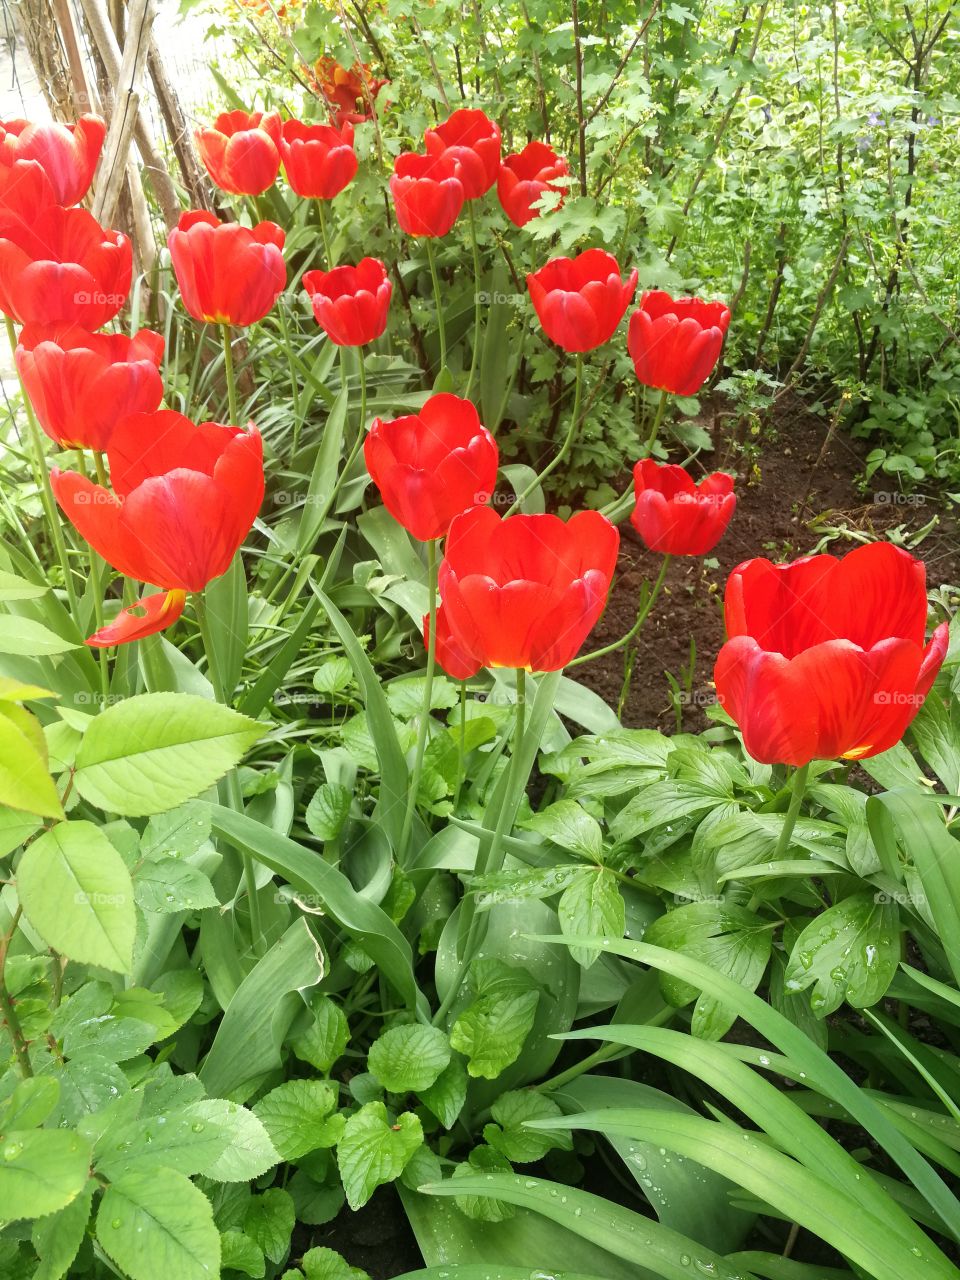 Red garden tulips
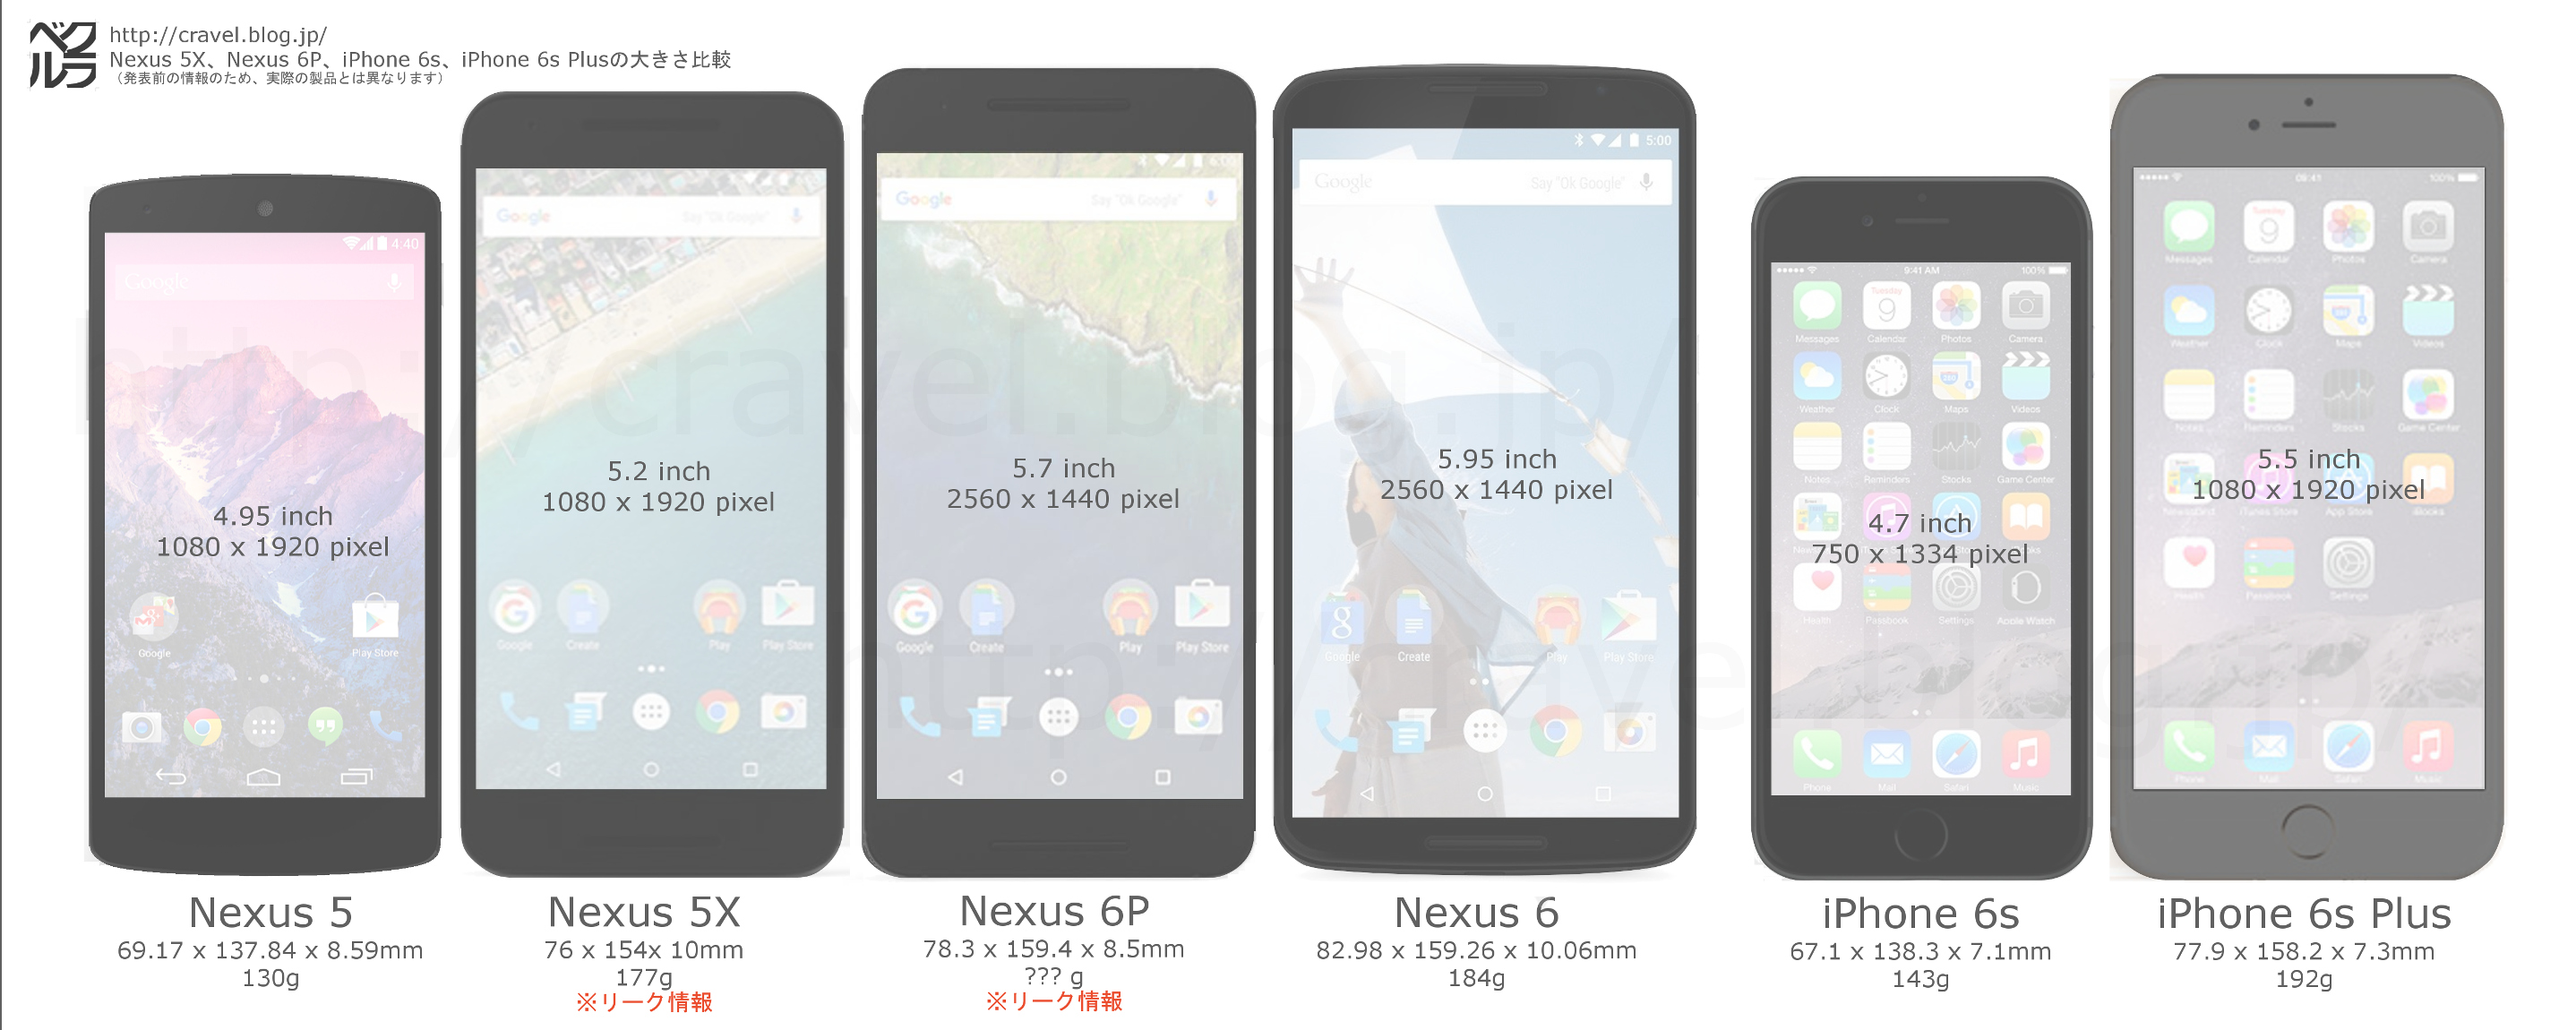 新型iphone 6s と Iphone 6s Plus と Nexus5x と Nexus6p の大きさ比較画像 クラベル
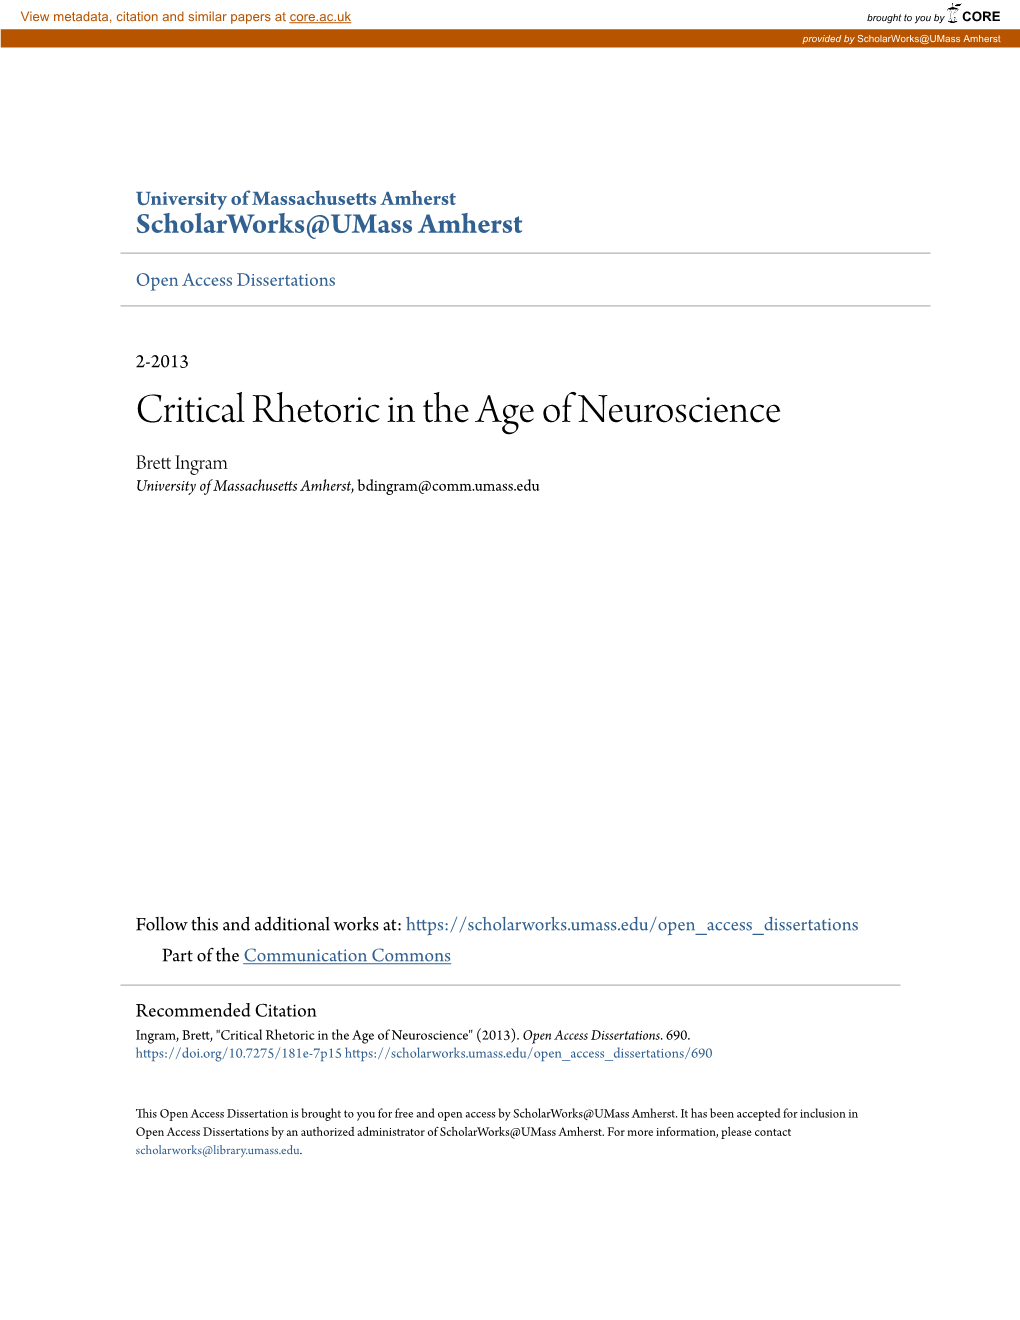 Critical Rhetoric in the Age of Neuroscience Brett Ni Gram University of Massachusetts Amherst, Bdingram@Comm.Umass.Edu
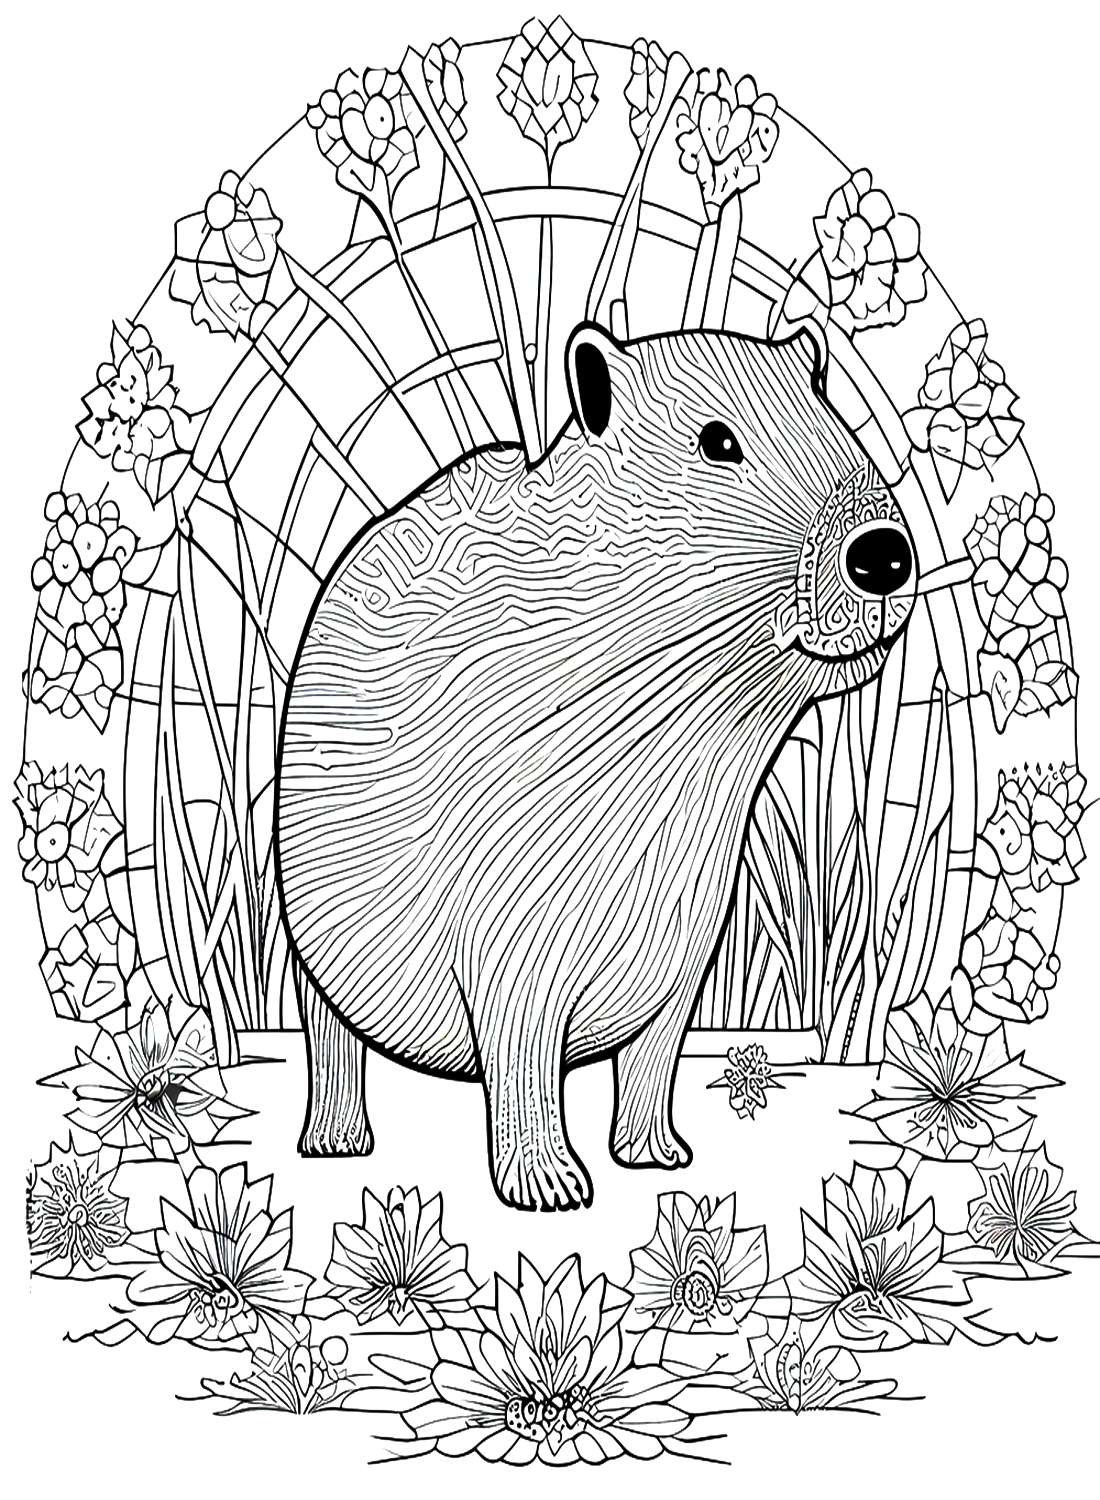 Capybara In Zentangle Style from Capybara

____

__Description of the task__
Leaving out the pictures, restate the listing above exactly.

__Task response__
 Red garden tulips
 新型iphone 6s と Iphone 6s Plus と Nexus5x と Nexus6p の大きさ比較画像 クラベル
 Critical Rhetoric in the Age of Neuroscience Brett Ni Gram University of Massachusetts Amherst, Bdingram@Comm.Umass.Edu
 Capybara In Zentangle Style from Capybara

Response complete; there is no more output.